WORK REQUIRED:
Starting at the line below with "Pacelli ocean-going fishing" and stopping at the line with "couple heart draw", please print each line exactly, those two included, and skip every picture.

DATA EXTRACTS:
Start of Block
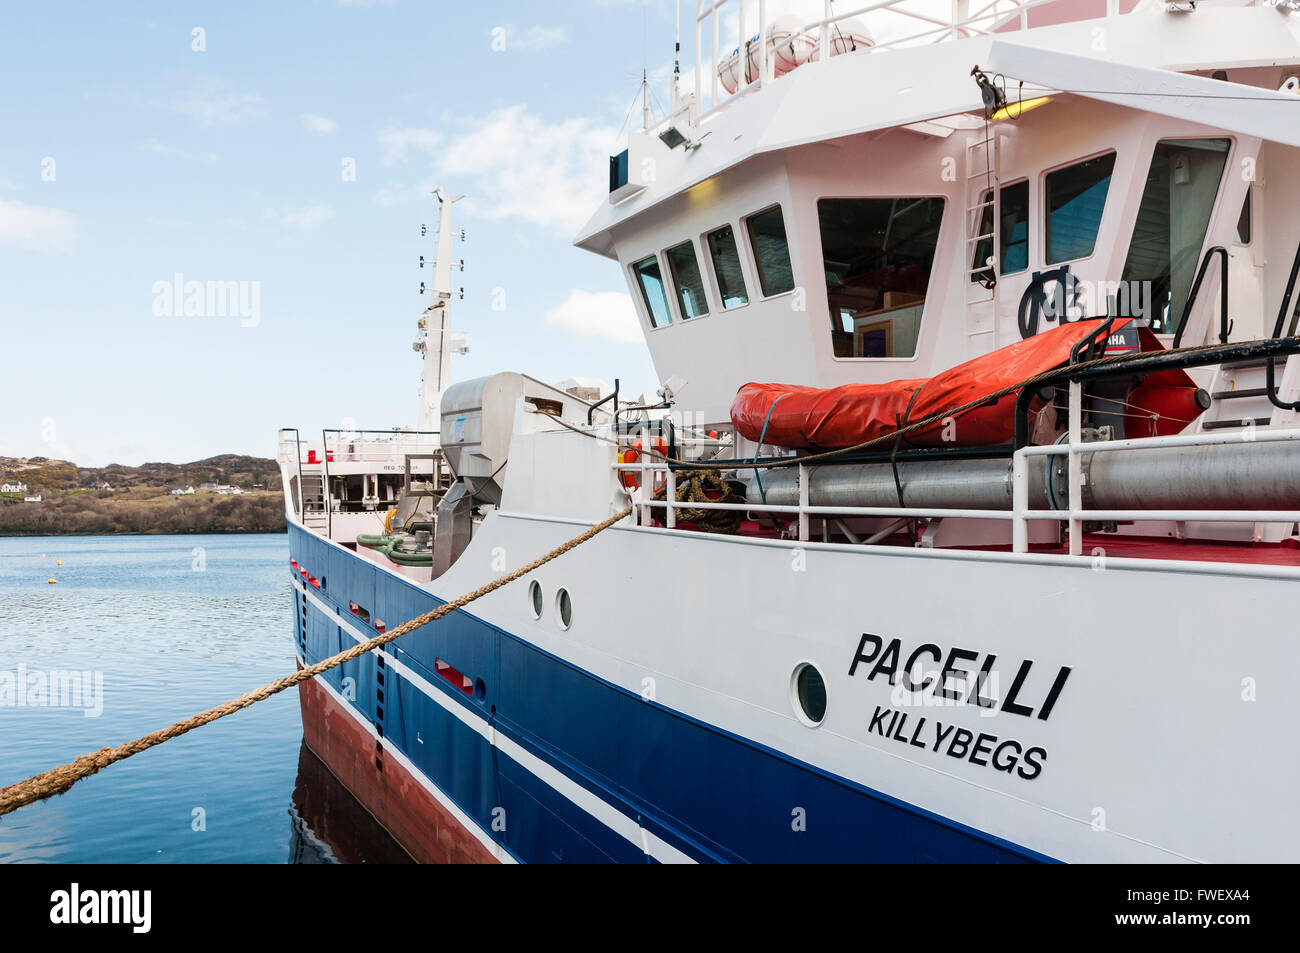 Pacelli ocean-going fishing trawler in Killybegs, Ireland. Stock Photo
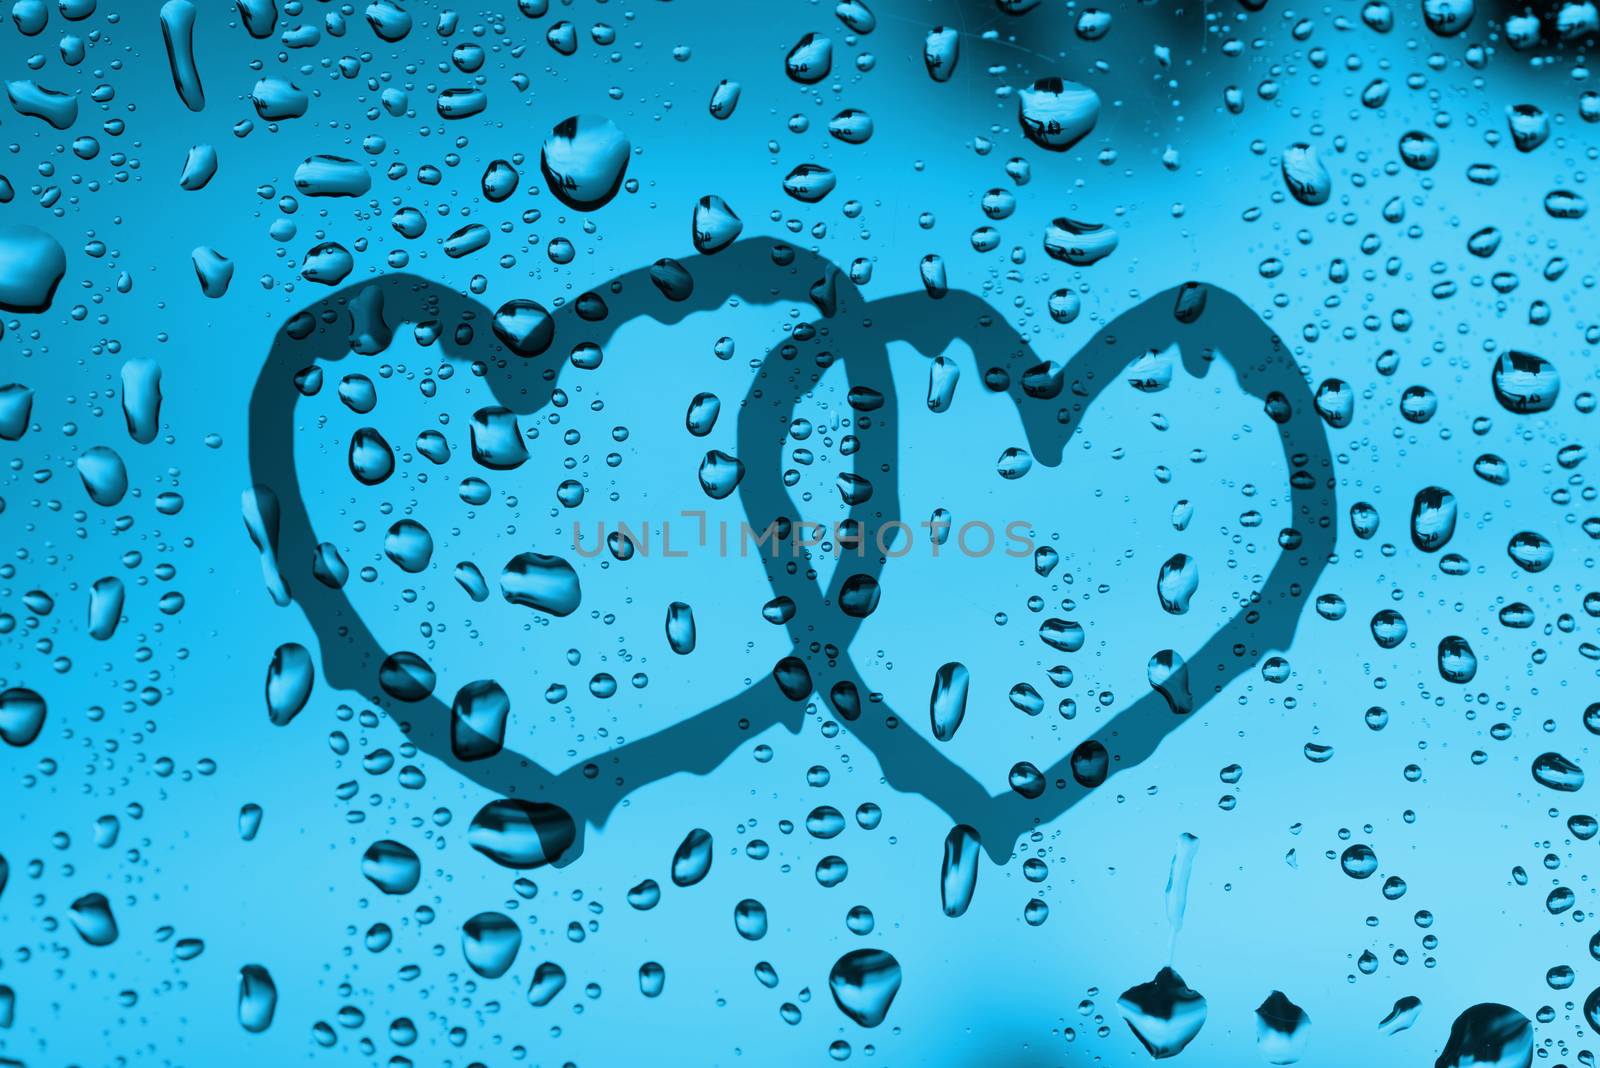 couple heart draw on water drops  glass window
End of Block
Start of Block
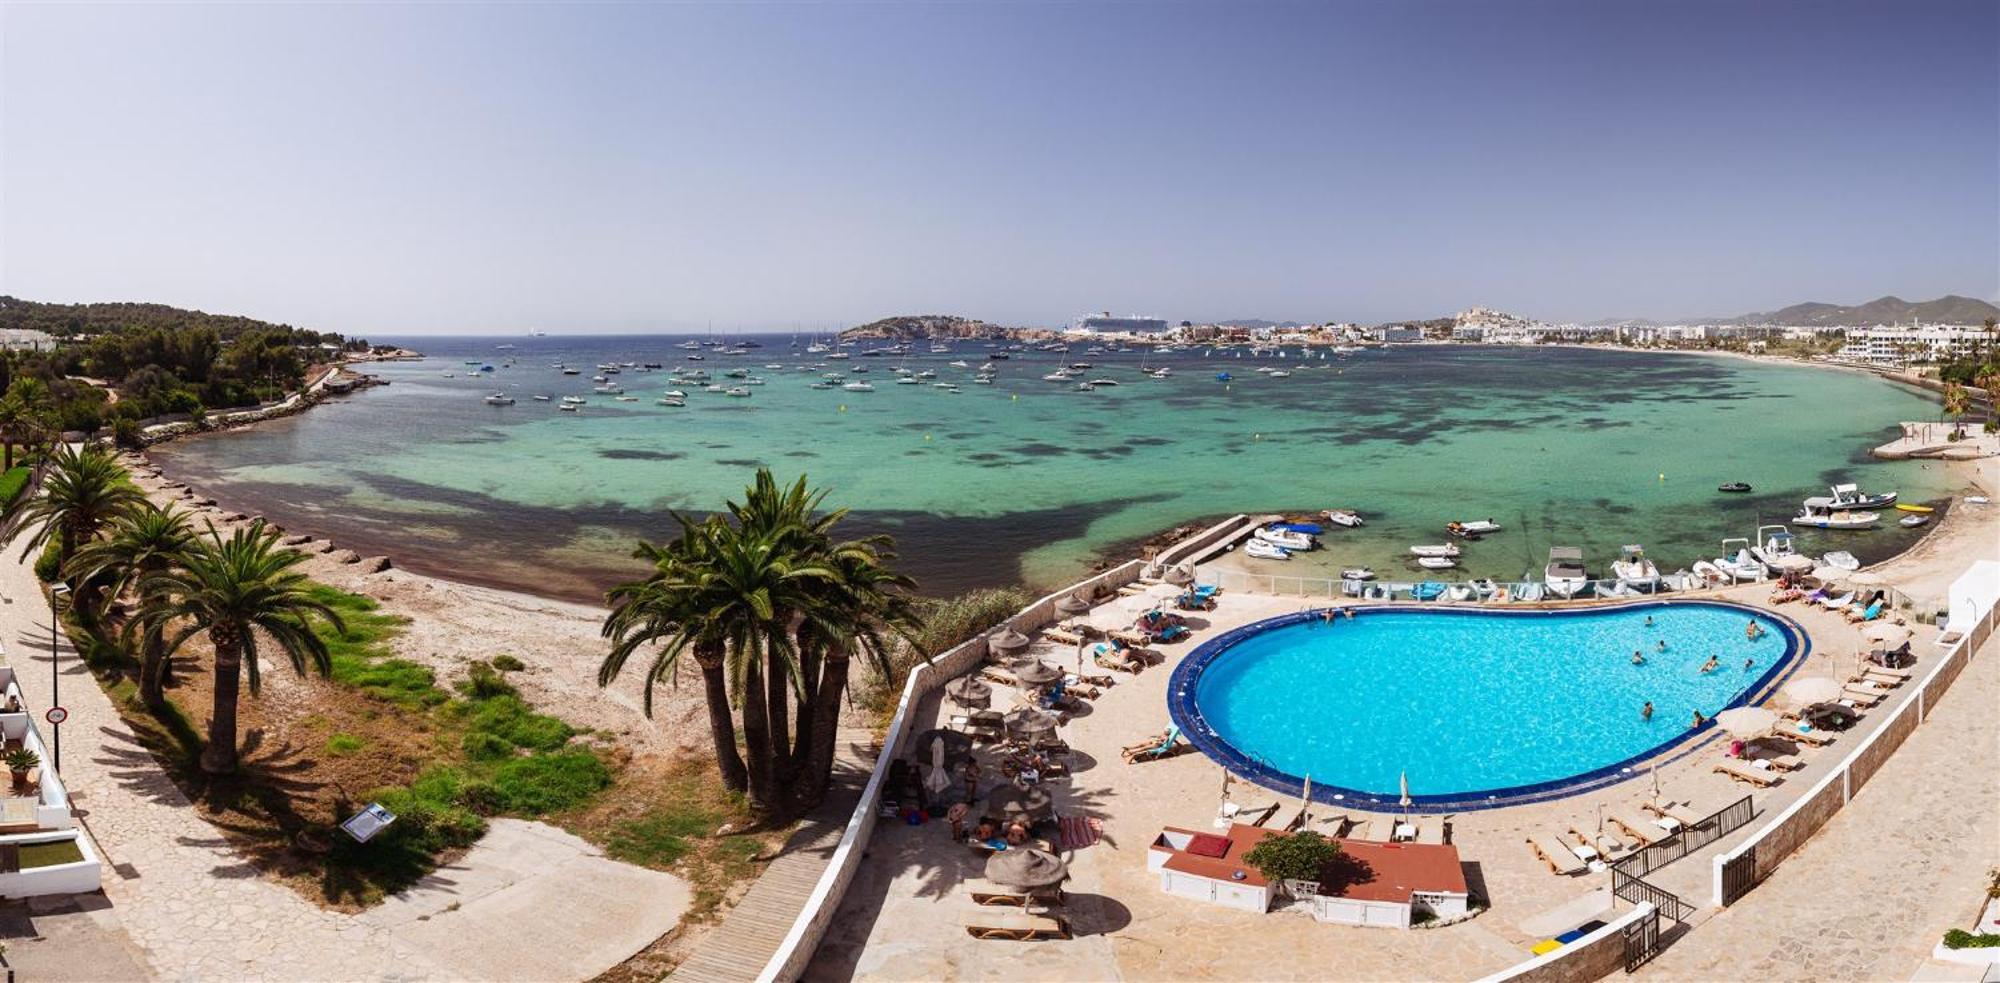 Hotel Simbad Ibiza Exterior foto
End of Block
SOLUTION:
 Pacelli ocean-going fishing trawler in Killybegs, Ireland. Stock Photo
 couple heart draw on water drops  glass window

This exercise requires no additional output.